[Opening Data shown section]

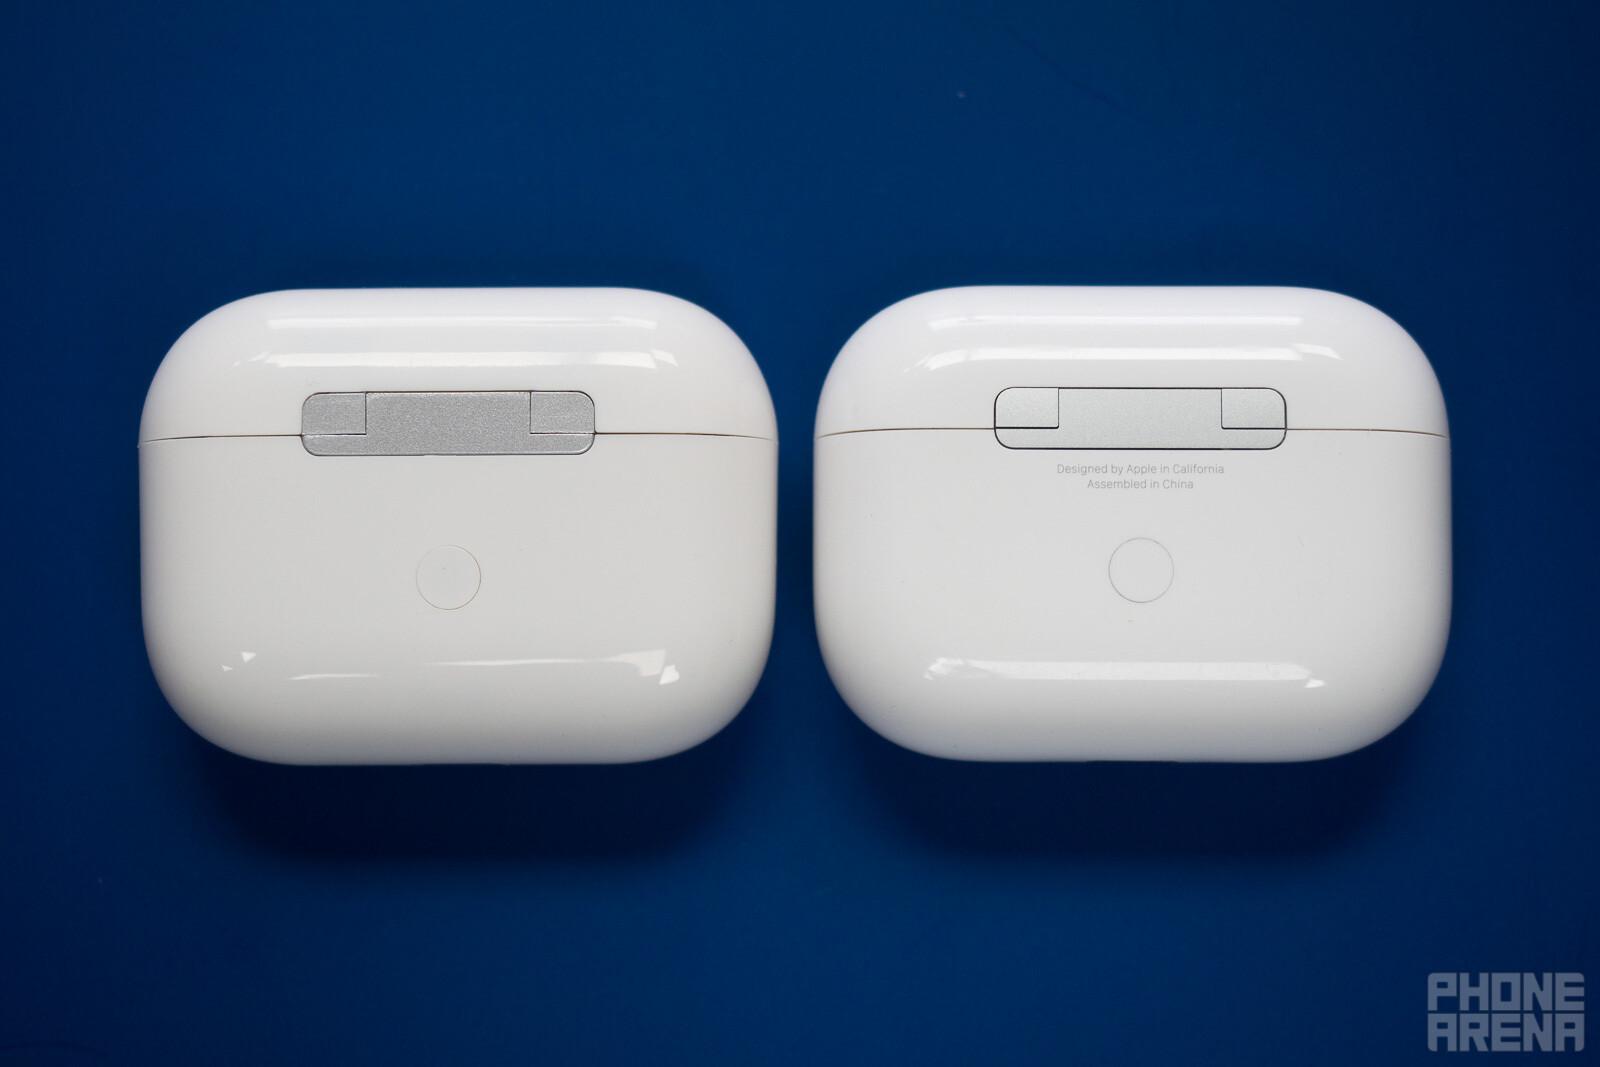 Real AirPods Pro έναντι ψεύτικου AirPods Pro: διαφορές, τρόπος εντοπισμού τους, σύγκριση ποιότητας
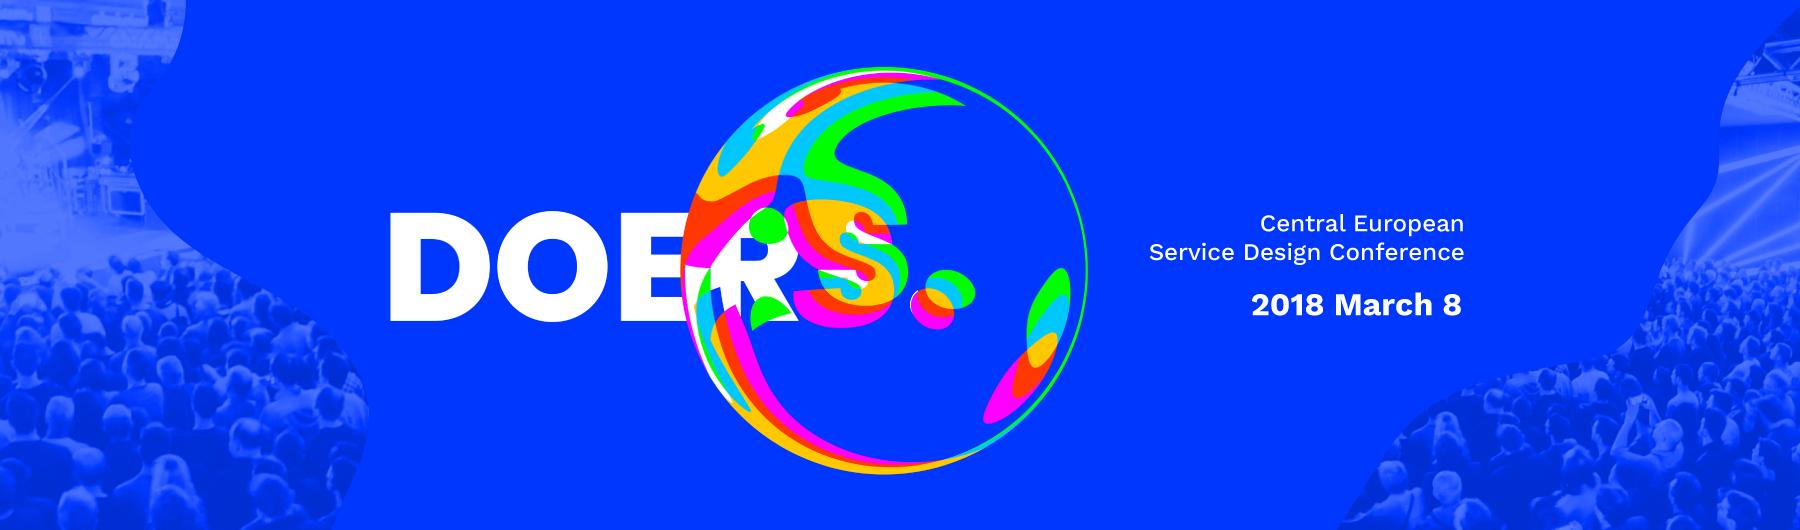 DOERS Central-European Service Design Conference
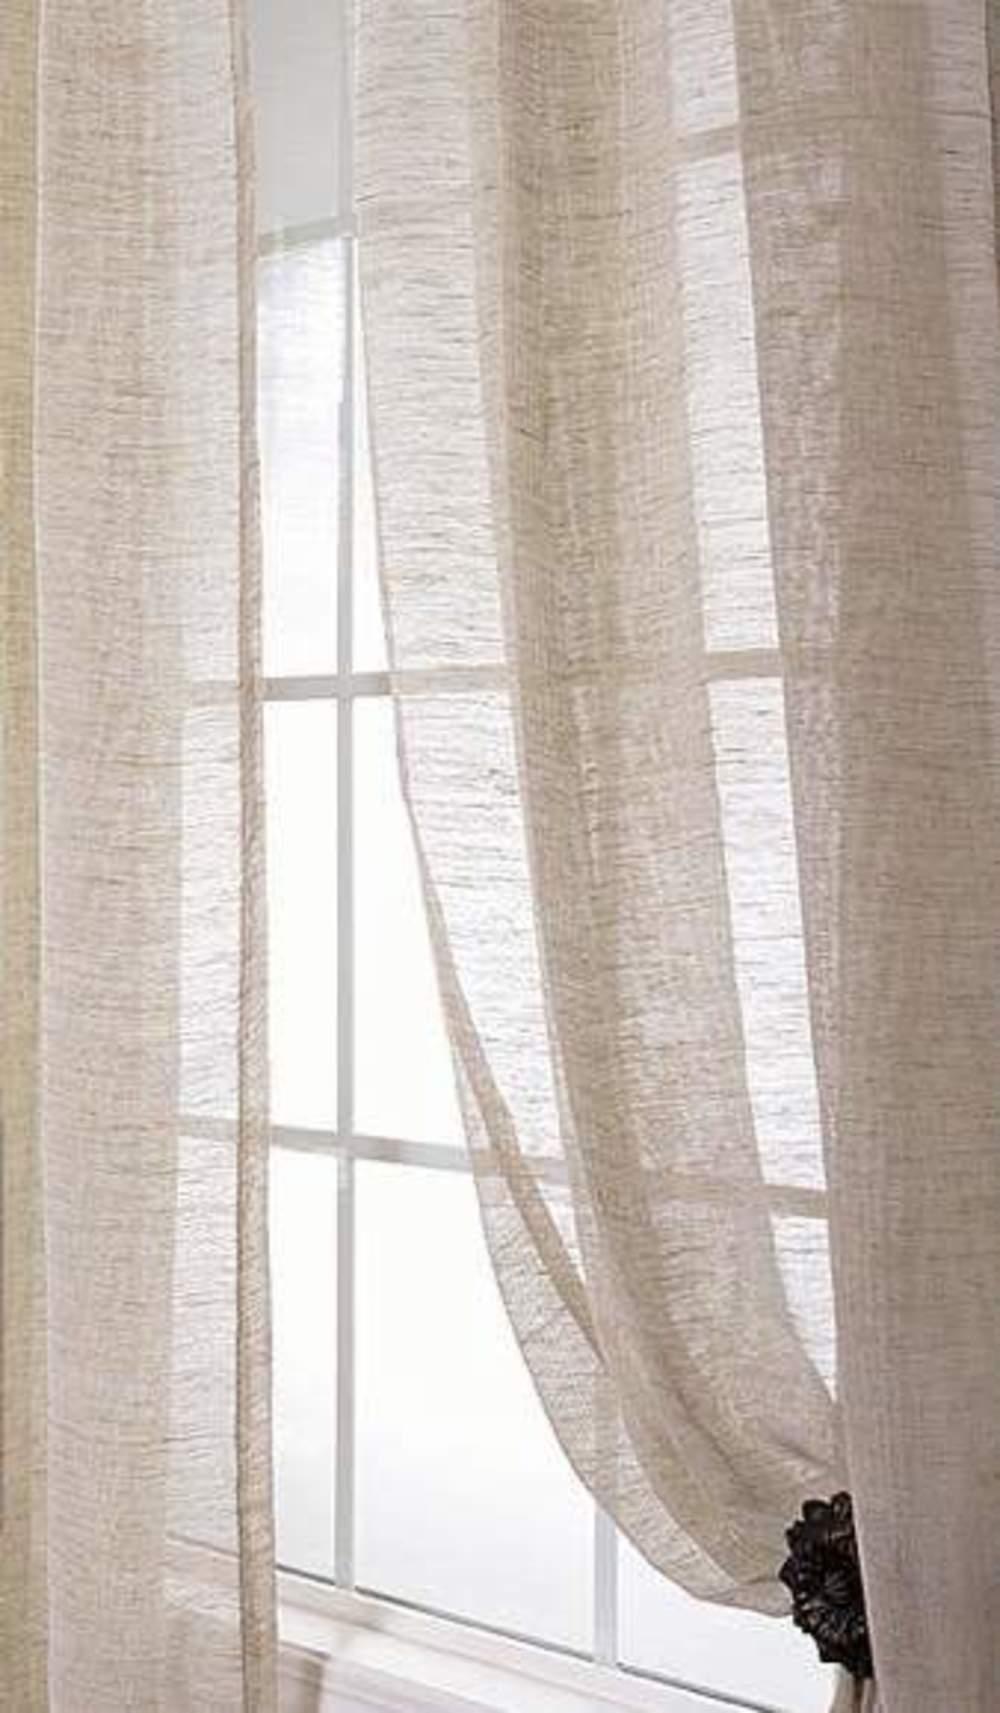 Amity Imports - Damara Ivory Linen Curtains

[Closing Data shown section]

• _What the exercise asks_
Exclude the pictures from the copy. Retype exactly the lines running from the one containing "DOERS Central-European Service" through the last line of the listing.

• _Answer space_
 DOERS Central-European Service Design Conference
 Amity Imports - Damara Ivory Linen Curtains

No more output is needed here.